Soft, bisibela type:
Rice - 1 cup
Tur dhal - ½ cup
Tamarind paste - 1 ½ tbsp
Chopped methi leaves - 2 cups
Oil - 2 tsp
Roast in 1 tsp oil & powder;
Red chillies - 8
Dhaniya - 2 tbsp
Gram dhal - 2 tbsp
Jeera - 1 tsp
Hing - 1 tsp
Grated coconut - ½ cup
To temper:
Oil - 2 tbsp
Mustard leaves - 1 tsp
Urad dhal - 2 tsp
Gram dhal - 2 tsp
Red chillies - 2,3
Pressure cook rice & soaked dhal together with 5-6 cups of water, adding haldi, till soft.

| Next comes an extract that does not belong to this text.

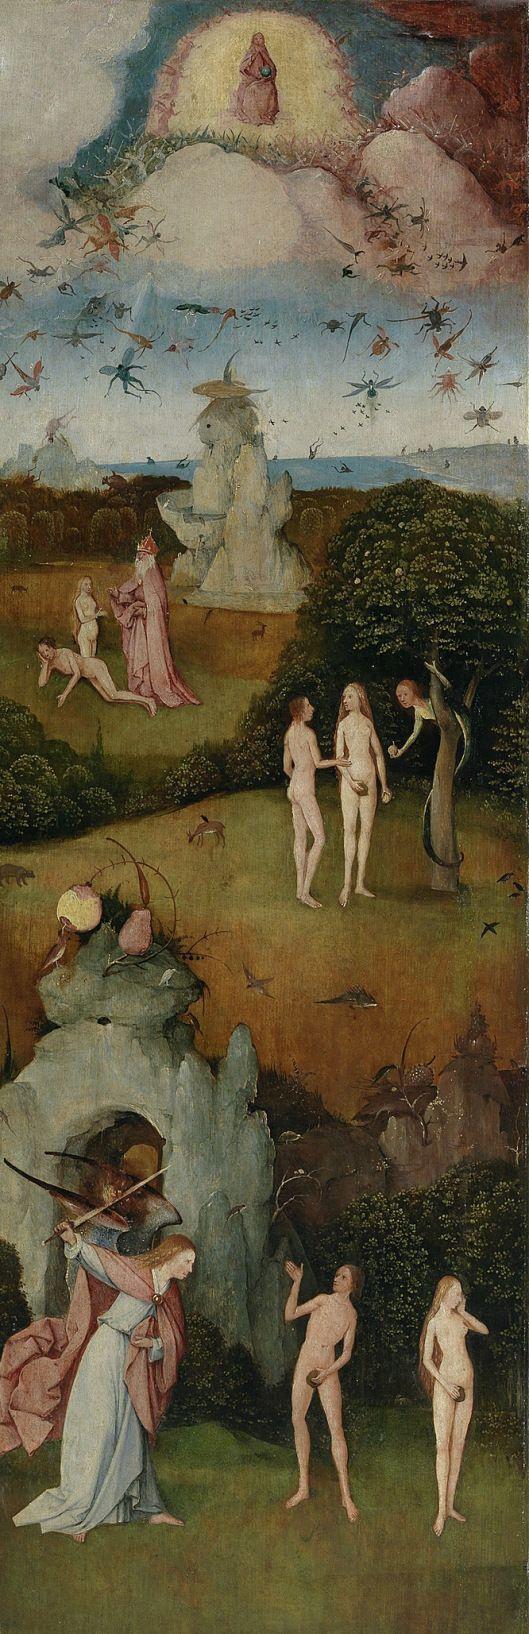 Panel Izquierdo, La caída de los ángeles, la creación de Eva, el Pecado original y la expulsión del paraíso.; Óleo sobre tabla, 147x66cm.

Fry methi leaves in oil till they shrink well & add to the mixture.
Add tamarind paste mixed with ½ cup water, salt & prepared powder.
Boil everything together & remove.
Temper as given & serve hot, topped with ghee.
Tip:
Spread the coconut in a plate & microwave for 3-4 mts on Hi. It will become dry & it is easy to powder.
Grainy “kalantha sadam” type:
Thin variety of rice - 1 cup
Chopped methi leaves - 2 cups
Lime juice - 2-3 tsp
Salt
Grind in 1 tsp ghee & powder:
Gram dhal - 2 tbsp
Urad dhal - 1 tbsp
Dhaniya - 2 tbsp
Red chillies - 5,6 ( or to taste)
Grated coconut - 2 tbsp
To temper:
Ghee - 1 tbsp
Oil - 1 tbsp
Mustard seeds - 1 tsp
Urad dhal - 2 tsp
Gram dhal - 2 tsp
Cashewnuts, chopped - 1 tbsp
Cook rice so that grains are separate.
Cool by spreading on a plate.
Heat oil & ghee, temper the given ingredients & roast till light brown.
Add methi leaves & fry well till they are cooked & shrink well.
Add the ground powder, salt & mix thoroughly.
Transfer this mixture to the plate & pour over rice.
Add lime juice, 2 tbsp melted ghee & mix well.
For both types, any raita with curd goes very well.